In the Solemnity of the Epiphany – the overwhelming manifestation of God’s light – faithful ought to consider who God is, but also, what was his/her specific epiphany? What were the times when an overwhelming manifestation of God was experienced when something different was set in your heart, or something inside was set in a new way because of what was experienced or encountered.

Archbishop Jason Gordon posed these thought-provoking questions to faithful in his homily for the Solemnity of the Epiphany of the Lord, Sunday, January 8.

He recalled as a young businessman at a Living Water prayer meeting hearing ‘My son, if you make your business my business, I will make my business your business.’ “I felt like everything inside me was churning,” the Archbishop said.

He explained that that epiphany, that shining forth of grace and light from God, set his life in a clearly different direction.

“When we encounter the living God, we can’t go back to our old ways and that’s why they [the three wise men] were warned in a dream not to go back to Herod and they travelled back by a different way,” the Archbishop said.

He added when the living God is encountered, insides are recalibrated, and the individual is set in motion in a brand-new way that God determines.

“And the other thing that must happen is that we have to let go of control. And the other thing that happens when we come to the epiphany in our life is that we have to recognise how big God is.” How big is your God, Archbishop Gordon questioned.

He observed faithful have managed to make a ‘chinky’ little God in our image and likeness as opposed to allowing God to be God.

“We’ve made a God who is a God of my people and not your people, a God who is a God of the poor and not the rich, a God of who is for this nation as opposed to that nation. And the Feast of the Epiphany makes us…stand in our boots and wonder how big is your God.”

The God of the scriptures, the Archbishop asserted, is big enough to hold all people in His heart: the good, the bad and the ugly.

He reminded faithful of Matthew 5:48, “ ‘But ye therefore perfect, even as your Father who is in heaven in perfect’ and he goes on to say He allows His sun to

shine on the good and the bad alike and His rain to fall on the just and unjust alike. So that’s the good, that’s the bad and that’s the ugly,” Archbishop Gordon said.

Repeating the question ‘How big is your God?’, the Archbishop referred to the First Reading from Isaiah 60:1–6.

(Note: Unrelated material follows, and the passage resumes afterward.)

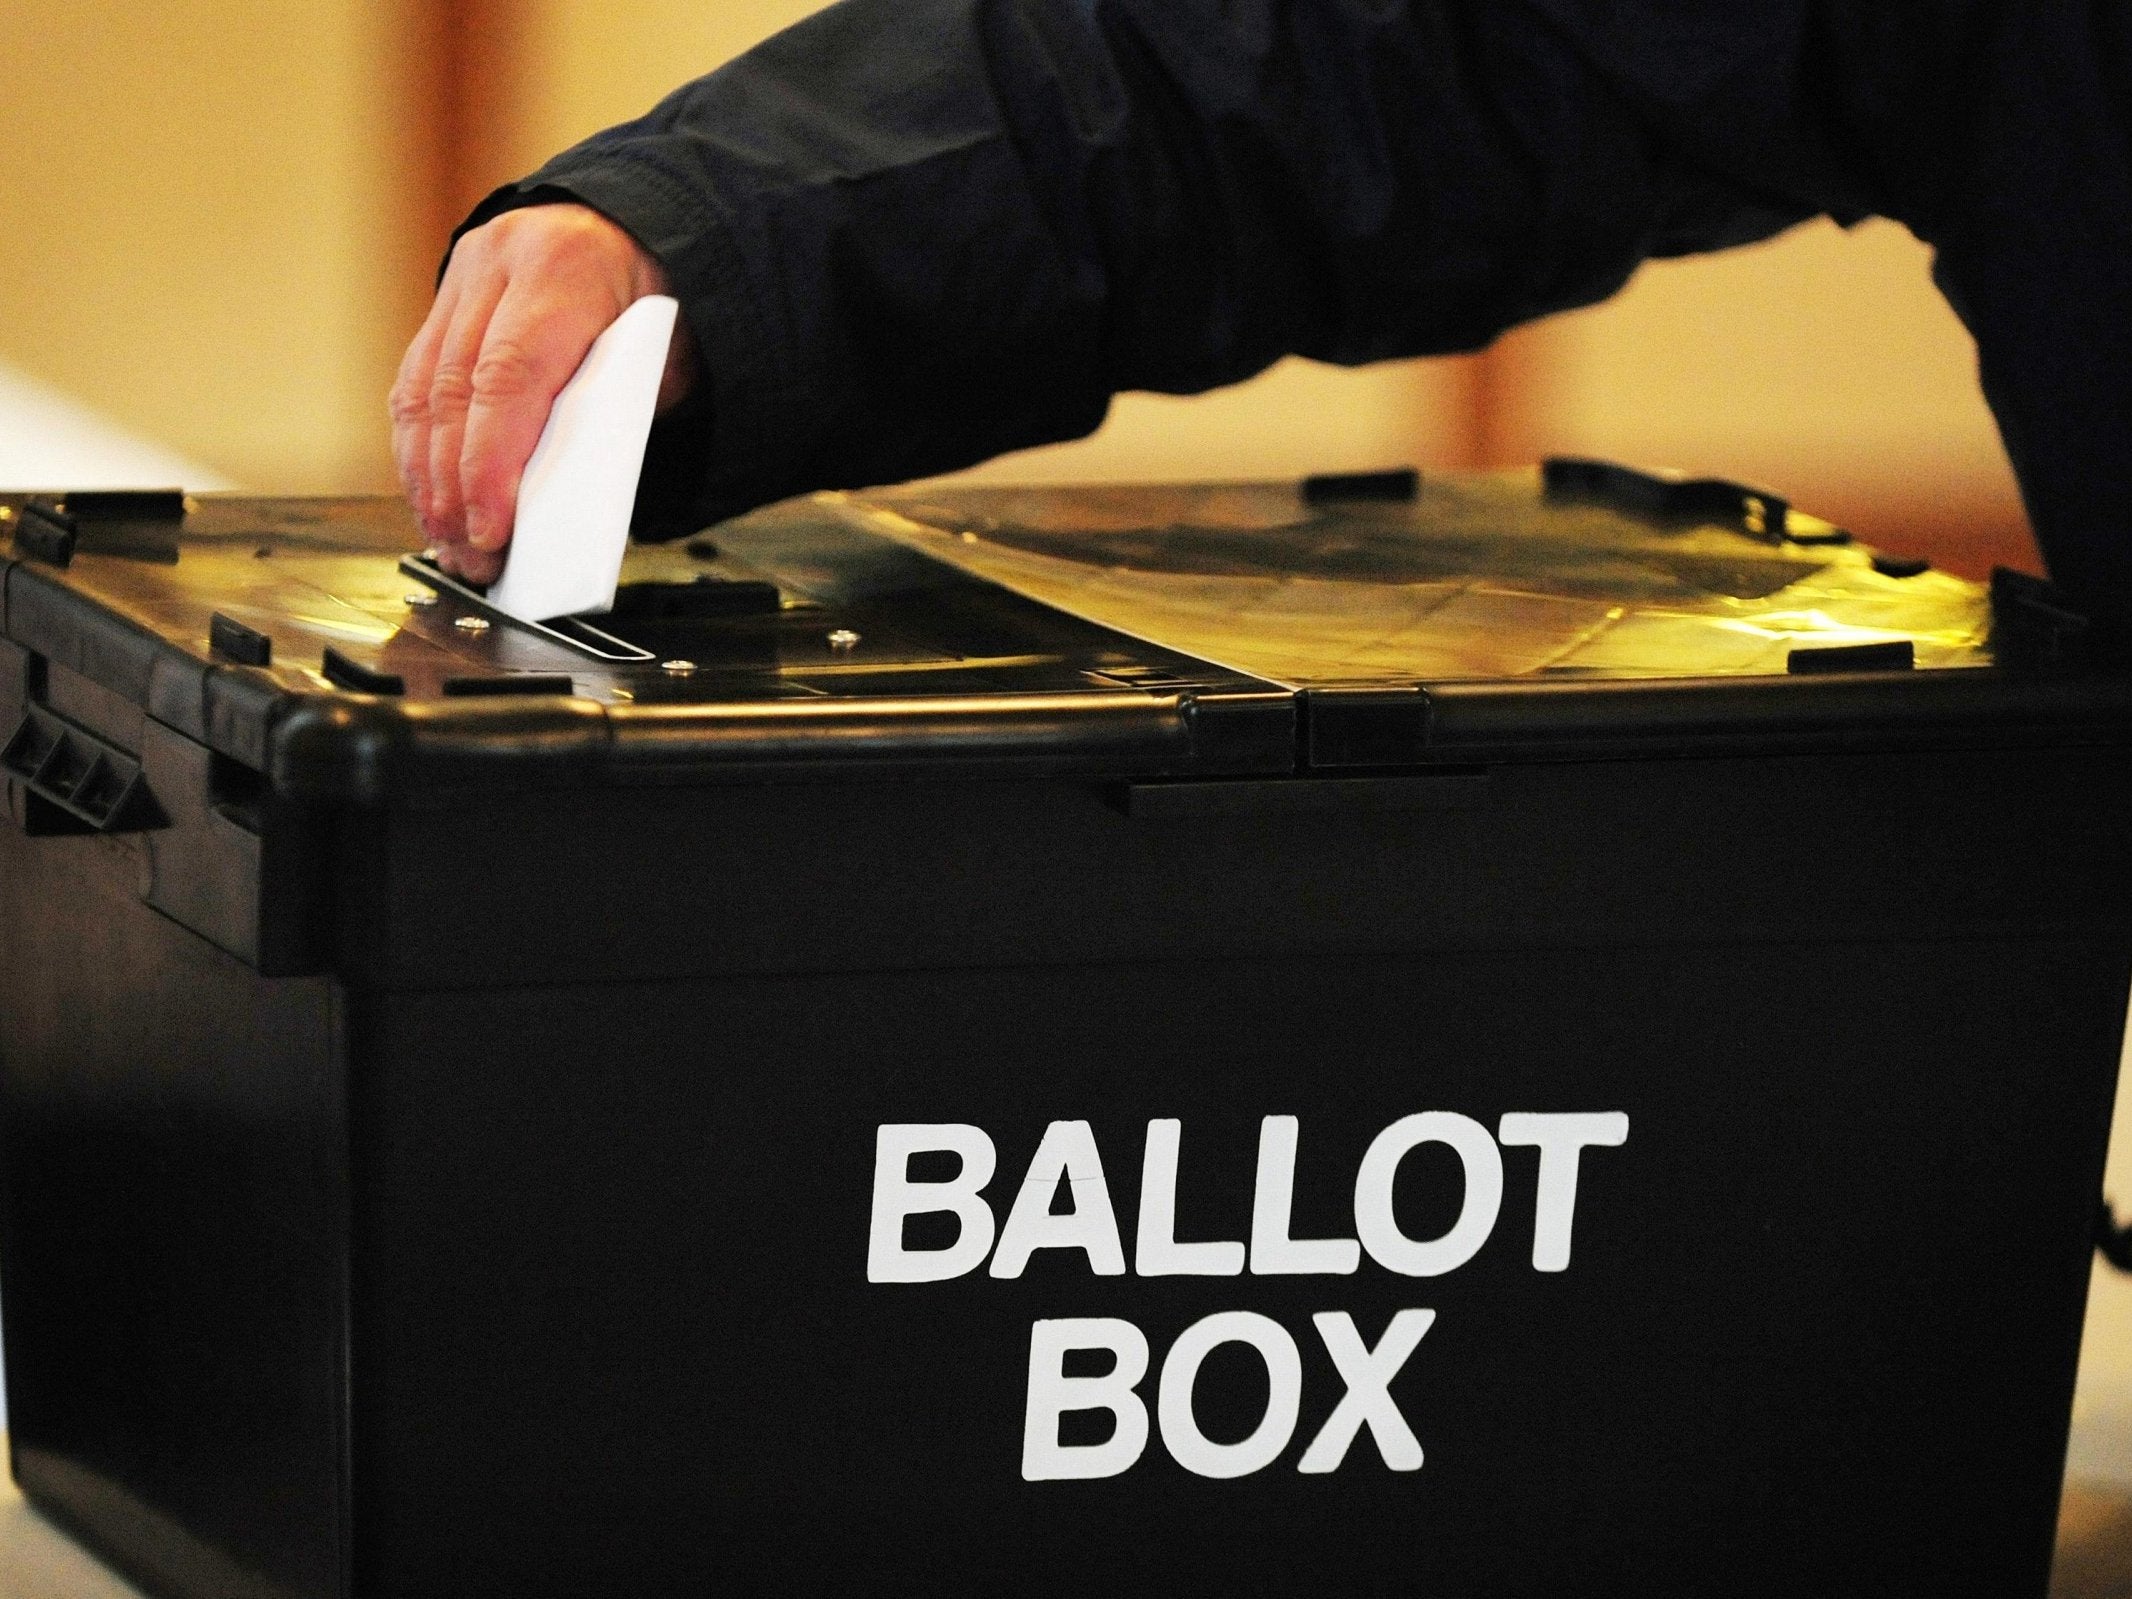 The Electoral Commission is seeking to give itself more powers of investigation

He underscored in the darkest hour of the history of Israel, the prophet sees that a light will shine one day in Israel, a light to illuminate the Gentiles, a light that no darkness could ever put out. “And that light we know is Jesus Christ,” the Archbishop said.

Referring to the three wise men, the Archbishop explained while they had expectations of what the star could represent, when they saw the revelation of the Child that was set before them, they fell to their knees and paid homage.

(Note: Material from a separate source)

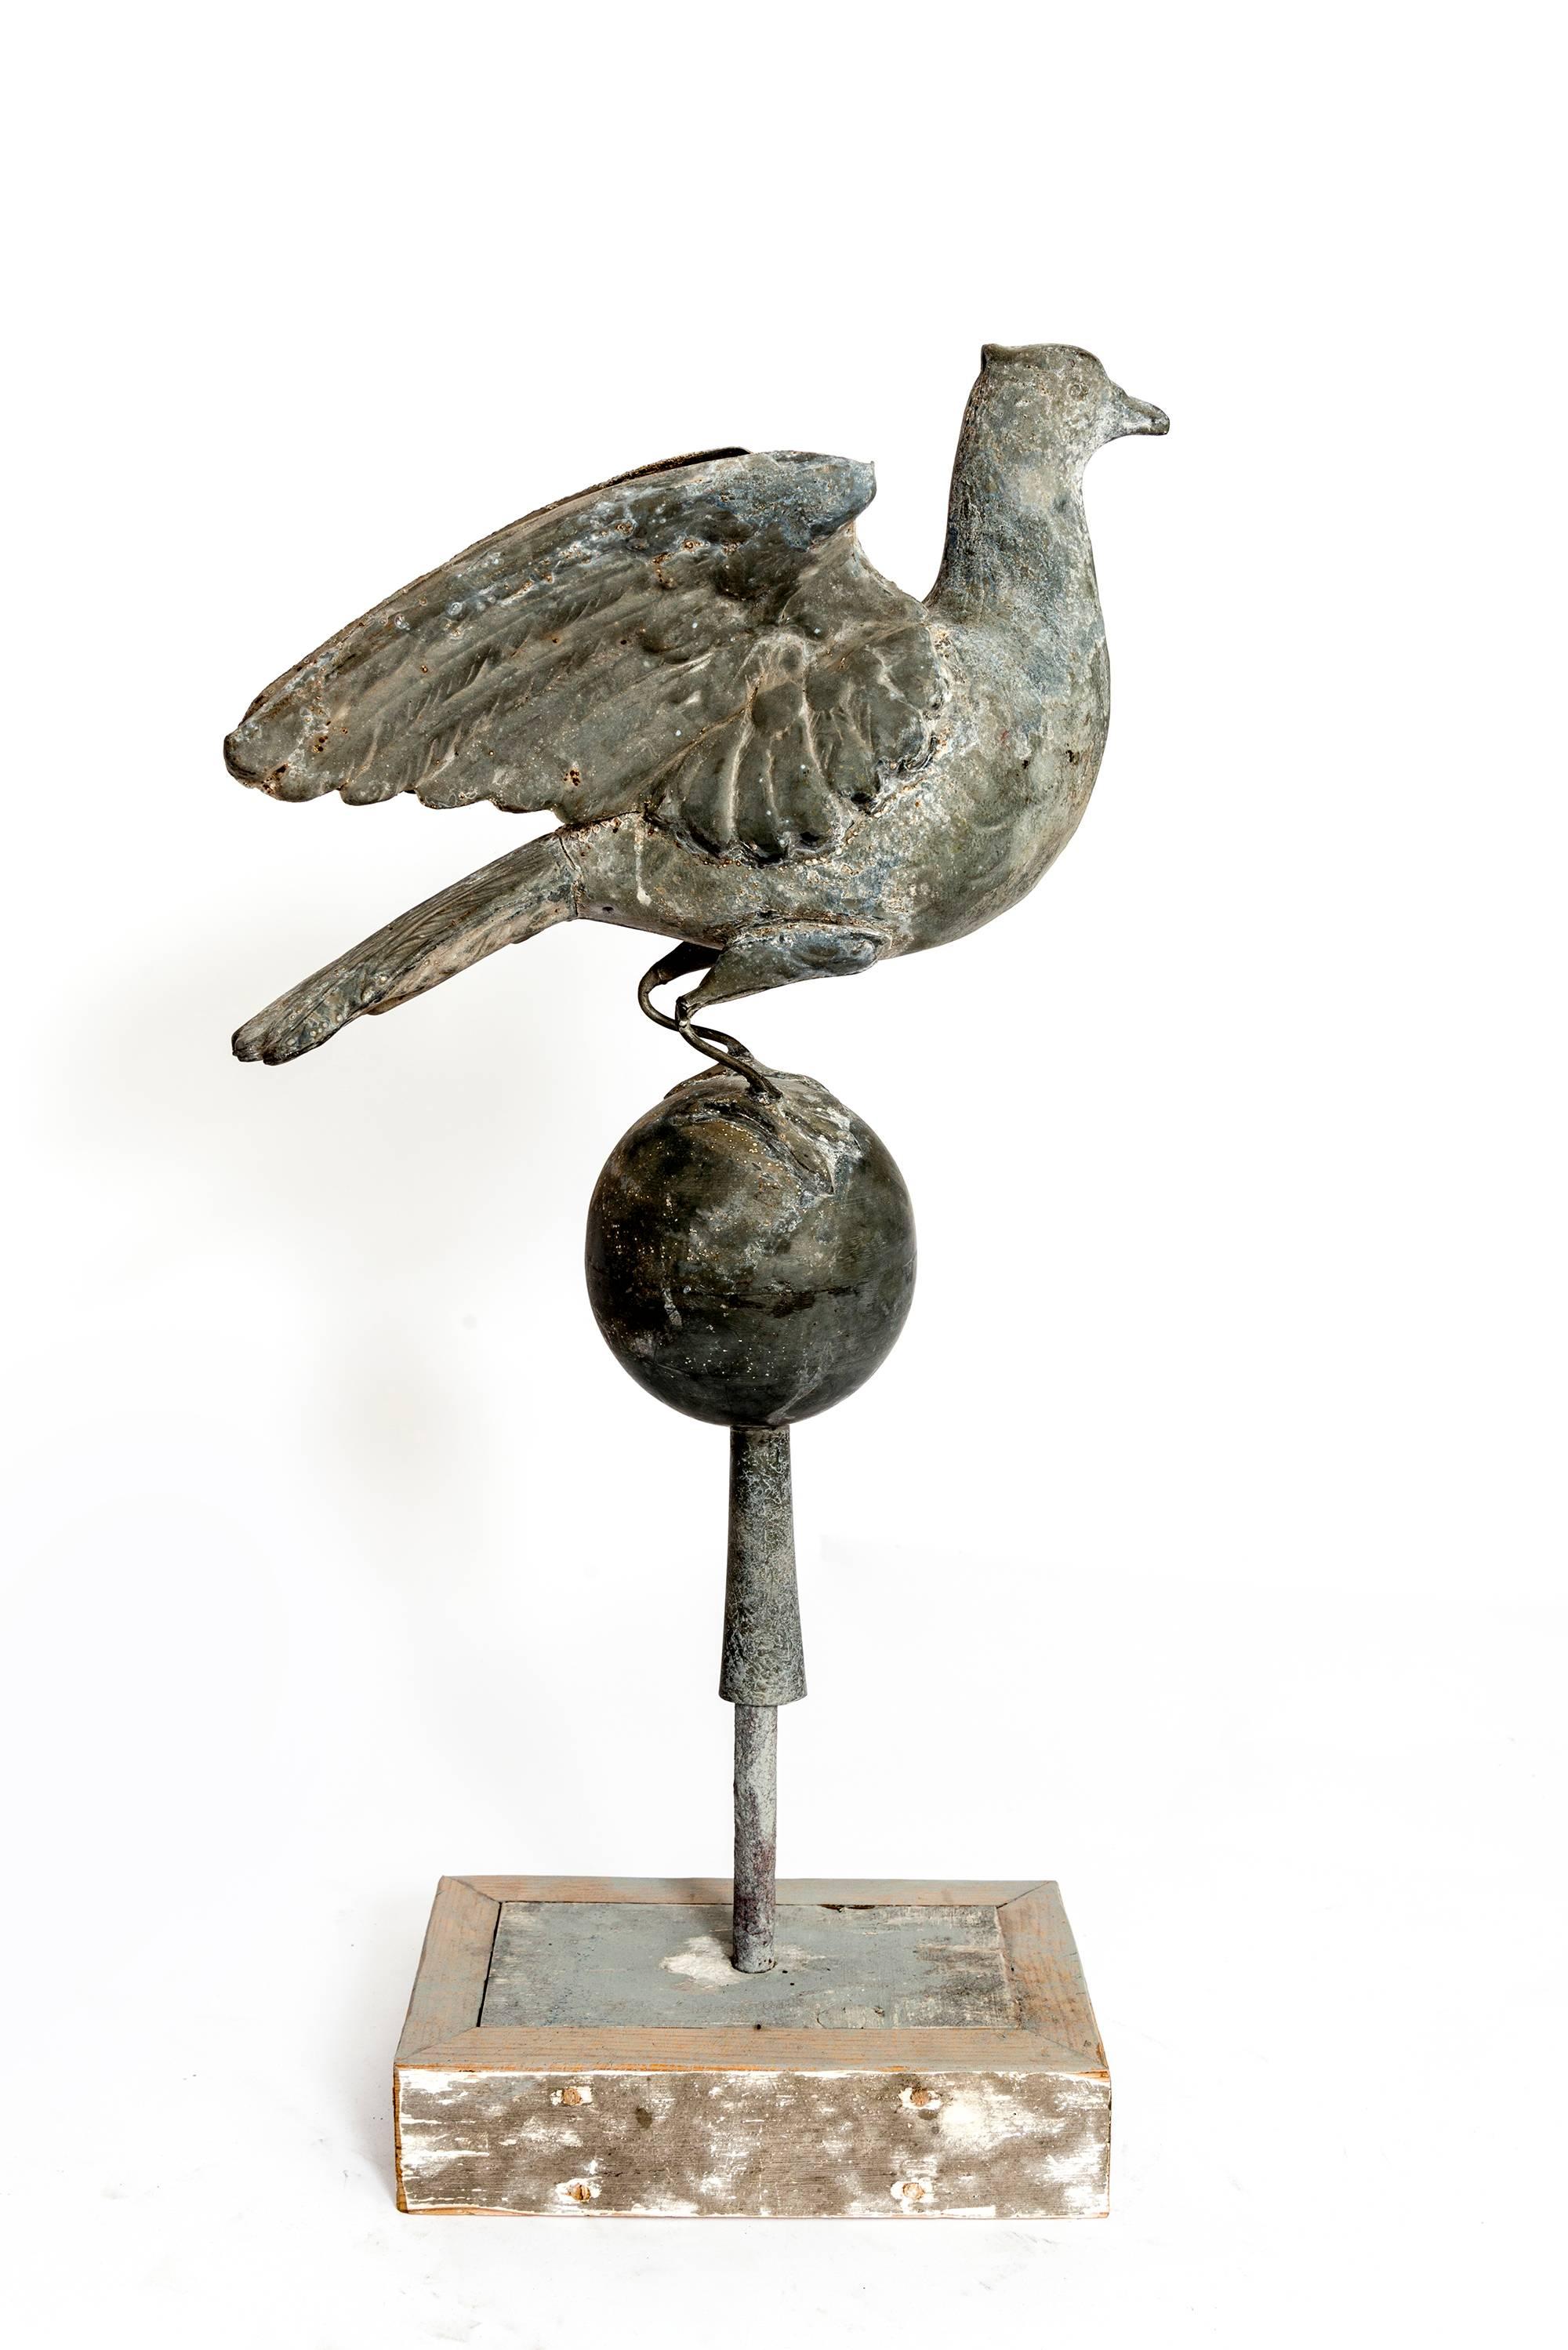 A wonderful rendition of a bird sitting atop a globe and set on a wooden stand. Great detail and patina of this vintage decorative piece.

“They literally reorient their whole lives now of this One who has encountered them. And this shining forth of the light of Christ into their life would have dramatically changed everything. Because when you fall to your knees, and you do homage, you accept that this is your God.”

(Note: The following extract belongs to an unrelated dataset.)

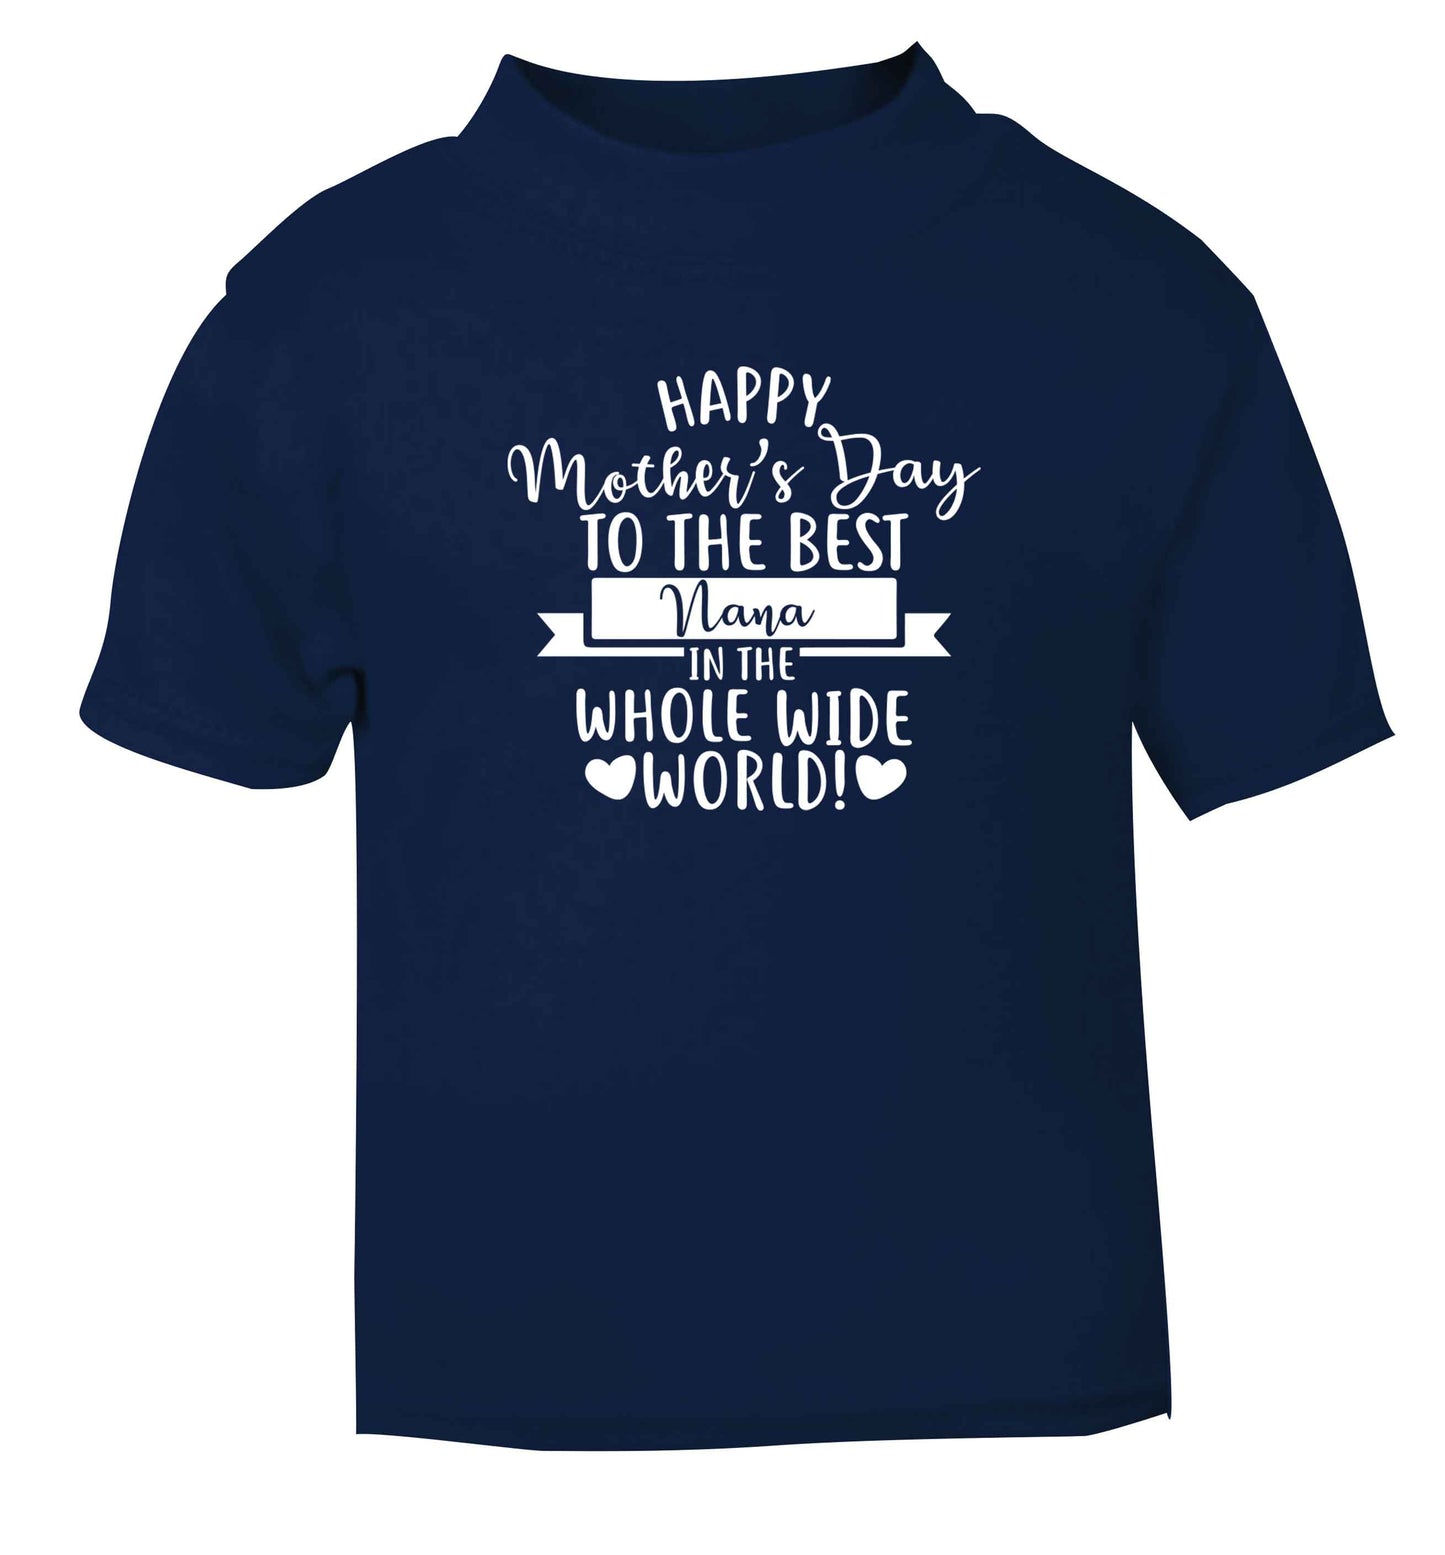 Happy mother's day to the best nana in the world navy baby toddler Tshirt 2 Years

Archbishop Gordon highlighted the word homage is only used in Matthew’s gospel for worship of God. He then invited faithful to allow God to stretch their hearts wide enough to recognise how big He is, and that life is about serving Him and bending and bowing to His will.

He further called on faithful to not settle for less than the best. “Don’t settle for a ‘chinky’ little idea of God that you can control …When you come to the living God, and you encounter the living God …in ways that you may not want, but all I can tell you is it’s the most amazing adventure you can ever go on.”